Ben titiz bir adamım, on dört yaşımdan beri yazıyorum. Şiir, öykü, roman yazdım. Yazdığım her şeyi de yayımlamak istemedim. Romanı ‘oldu’ dediğim için yayınladım.
Türkiye’de kendine yakın bulduğun yazarlar kimlerdir?
Çok iyi yazarlar var. Ahmet Ümit, Murat Uyurkulak, Emrah Serbes, Murat Menteş, Alper Canıgüz, Hakan Bıçakçı, Behçet Çelik, küçük İskender ilk elden aklıma gelenler; onlarca isim sayabilirim elbette.
Yayınevinde kitabını okuyan editörün neler hissetti?
Türkiye’nin en önemli editörlerinden İlknur Özdemir okudu ve sevdi her iki kitabı da. Her iki romanımda da o vardı. Benim için büyük bir şans...
Hep mücadeleyi savunuyorsun. Büyüyen bir ülkeymiş gibi davranılıyor, yoksul bunca insan varken...

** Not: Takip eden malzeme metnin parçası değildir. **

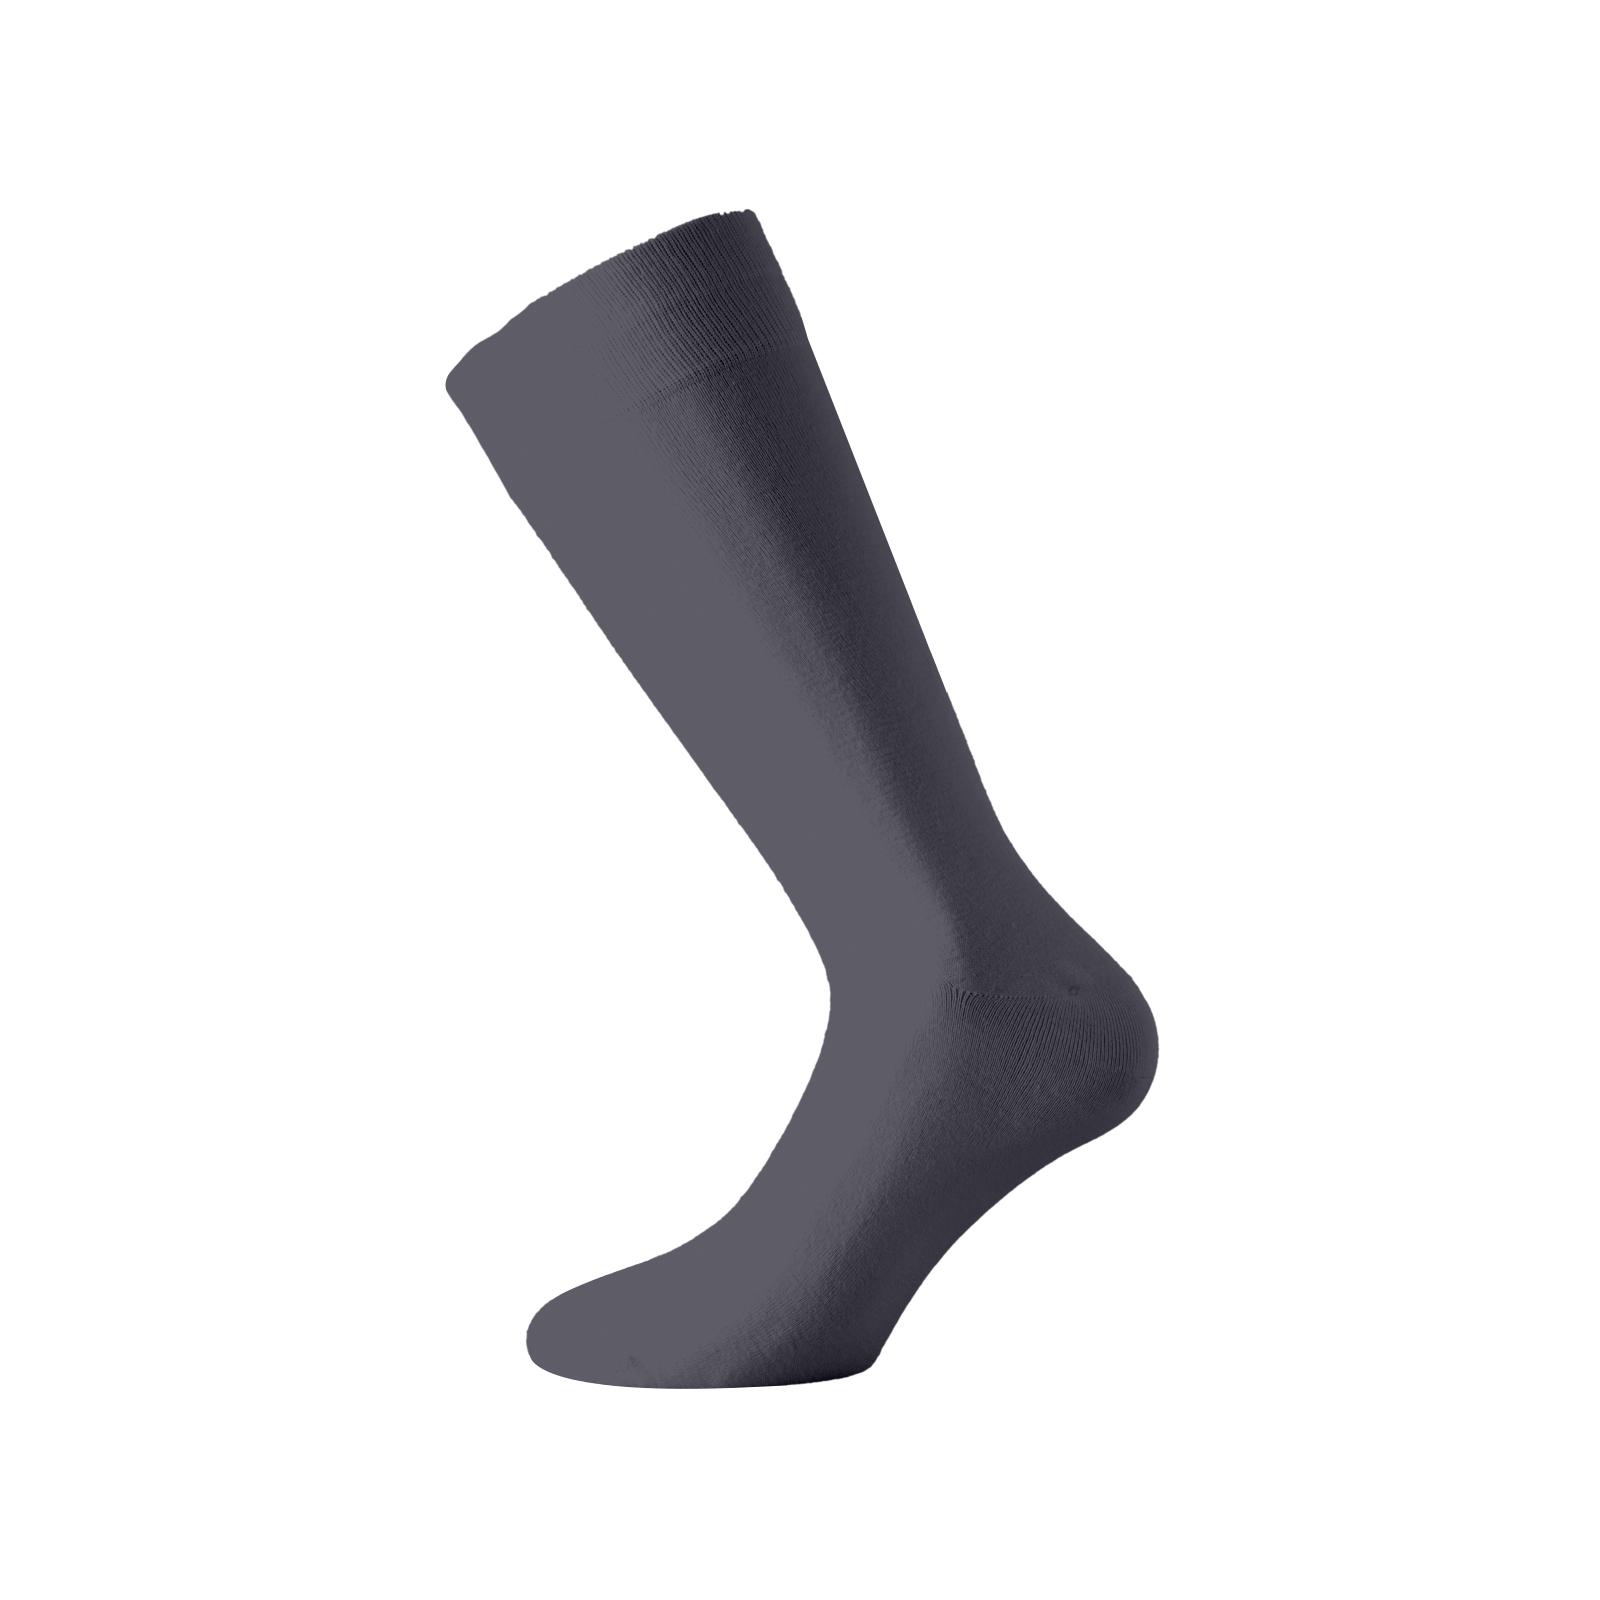 Walk Ανδρική κάλτσα - Bamboo - Aντιβακτηριδιακή δράση - Γκρι σκούρο ... 7f7cecc21fc

Zengin bir ülkeyiz ama eşit paylaşmıyoruz, bunu görmek gerek. Milli gelir 10 bin dolar deniyor. Sürekli yalanlar söylüyorlar bize. Zenginlikten eşit yararlanmıyoruz. Bunun için bunca insan açlık sınırında.
“BURCU AKTAŞ GELECEĞİN EN ÖNEMLİ YAZARLARINDAN BİRİ OLACAK”Radikal Kitap 13 yaşında. 8 yıldır oradasın. 12 yldır Radikal’desin. Ne söylemek istersin?
Çok sevilen bir kitap eki Radikal Kitap. En butik yayınevine de, ayda yirmi beş kitap yayımlayana da eşit mesafede durdum. Bütün yayıncılar sever, okurlar biriktirir, şu sayım eksik sizde var mı diyen olur. Kitap eki gibi ama dergi aslında Radikal Kitap. Cem Erciyes ve Burcu Aktaş’la birlikte hazırlıyorduk şimdi iki arkadaşımız daha katıldı bize: Hamdi Işıt ve Beste Sezen Ateşpare. Giderek büyüyoruz.
Ortağınız Burcu Aktaş da bir yazar aynı zamanda...
Burcu inanılmaz bir editör ve geleceğin çocuk kitabı yazarı. Çocuk edebiyatını başka bir yere taşıyacaktır. Dokuz yıldır birlikteyiz ve birbirimizi çok güzel tamamladık tüm bu süreçte.